> Exercise instructions: Write out all the material verbatim, line by line.

> Material provided:
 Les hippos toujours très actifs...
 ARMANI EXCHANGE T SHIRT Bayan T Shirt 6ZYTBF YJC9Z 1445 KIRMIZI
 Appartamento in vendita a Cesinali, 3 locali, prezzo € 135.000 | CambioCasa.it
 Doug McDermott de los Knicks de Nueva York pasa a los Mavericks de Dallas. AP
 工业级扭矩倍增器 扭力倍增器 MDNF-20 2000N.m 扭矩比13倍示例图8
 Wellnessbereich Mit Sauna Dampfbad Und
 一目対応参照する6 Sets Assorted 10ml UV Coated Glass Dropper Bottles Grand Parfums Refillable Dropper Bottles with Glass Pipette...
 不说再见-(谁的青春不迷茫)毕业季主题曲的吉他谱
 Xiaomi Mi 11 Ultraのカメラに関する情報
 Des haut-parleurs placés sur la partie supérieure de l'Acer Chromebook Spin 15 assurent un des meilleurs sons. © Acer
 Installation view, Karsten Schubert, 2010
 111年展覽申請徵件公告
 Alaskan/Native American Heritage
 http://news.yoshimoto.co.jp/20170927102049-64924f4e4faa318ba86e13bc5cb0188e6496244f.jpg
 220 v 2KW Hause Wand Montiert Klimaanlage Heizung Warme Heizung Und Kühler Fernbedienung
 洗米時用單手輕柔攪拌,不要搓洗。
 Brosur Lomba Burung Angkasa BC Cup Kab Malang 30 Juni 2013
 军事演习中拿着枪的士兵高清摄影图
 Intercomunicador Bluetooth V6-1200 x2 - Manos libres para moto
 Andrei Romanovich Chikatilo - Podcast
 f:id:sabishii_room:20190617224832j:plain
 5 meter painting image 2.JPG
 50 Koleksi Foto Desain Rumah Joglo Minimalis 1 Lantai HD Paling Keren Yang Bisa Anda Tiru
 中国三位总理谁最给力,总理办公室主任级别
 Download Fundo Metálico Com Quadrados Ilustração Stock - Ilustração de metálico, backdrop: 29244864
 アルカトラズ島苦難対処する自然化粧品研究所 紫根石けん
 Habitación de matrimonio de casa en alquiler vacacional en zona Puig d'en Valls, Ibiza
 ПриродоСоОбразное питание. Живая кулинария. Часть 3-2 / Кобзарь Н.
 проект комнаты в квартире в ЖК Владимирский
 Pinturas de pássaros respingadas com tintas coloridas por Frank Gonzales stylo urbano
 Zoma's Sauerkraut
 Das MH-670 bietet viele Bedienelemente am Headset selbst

> Reply to the task:
 Les hippos toujours très actifs...
 ARMANI EXCHANGE T SHIRT Bayan T Shirt 6ZYTBF YJC9Z 1445 KIRMIZI
 Appartamento in vendita a Cesinali, 3 locali, prezzo € 135.000 | CambioCasa.it
 Doug McDermott de los Knicks de Nueva York pasa a los Mavericks de Dallas. AP
 工业级扭矩倍增器 扭力倍增器 MDNF-20 2000N.m 扭矩比13倍示例图8
 Wellnessbereich Mit Sauna Dampfbad Und
 一目対応参照する6 Sets Assorted 10ml UV Coated Glass Dropper Bottles Grand Parfums Refillable Dropper Bottles with Glass Pipette...
 不说再见-(谁的青春不迷茫)毕业季主题曲的吉他谱
 Xiaomi Mi 11 Ultraのカメラに関する情報
 Des haut-parleurs placés sur la partie supérieure de l'Acer Chromebook Spin 15 assurent un des meilleurs sons. © Acer
 Installation view, Karsten Schubert, 2010
 111年展覽申請徵件公告
 Alaskan/Native American Heritage
 http://news.yoshimoto.co.jp/20170927102049-64924f4e4faa318ba86e13bc5cb0188e6496244f.jpg
 220 v 2KW Hause Wand Montiert Klimaanlage Heizung Warme Heizung Und Kühler Fernbedienung
 洗米時用單手輕柔攪拌,不要搓洗。
 Brosur Lomba Burung Angkasa BC Cup Kab Malang 30 Juni 2013
 军事演习中拿着枪的士兵高清摄影图
 Intercomunicador Bluetooth V6-1200 x2 - Manos libres para moto
 Andrei Romanovich Chikatilo - Podcast
 f:id:sabishii_room:20190617224832j:plain
 5 meter painting image 2.JPG
 50 Koleksi Foto Desain Rumah Joglo Minimalis 1 Lantai HD Paling Keren Yang Bisa Anda Tiru
 中国三位总理谁最给力,总理办公室主任级别
 Download Fundo Metálico Com Quadrados Ilustração Stock - Ilustração de metálico, backdrop: 29244864
 アルカトラズ島苦難対処する自然化粧品研究所 紫根石けん
 Habitación de matrimonio de casa en alquiler vacacional en zona Puig d'en Valls, Ibiza
 ПриродоСоОбразное питание. Живая кулинария. Часть 3-2 / Кобзарь Н.
 проект комнаты в квартире в ЖК Владимирский
 Pinturas de pássaros respingadas com tintas coloridas por Frank Gonzales stylo urbano
 Zoma's Sauerkraut
 Das MH-670 bietet viele Bedienelemente am Headset selbst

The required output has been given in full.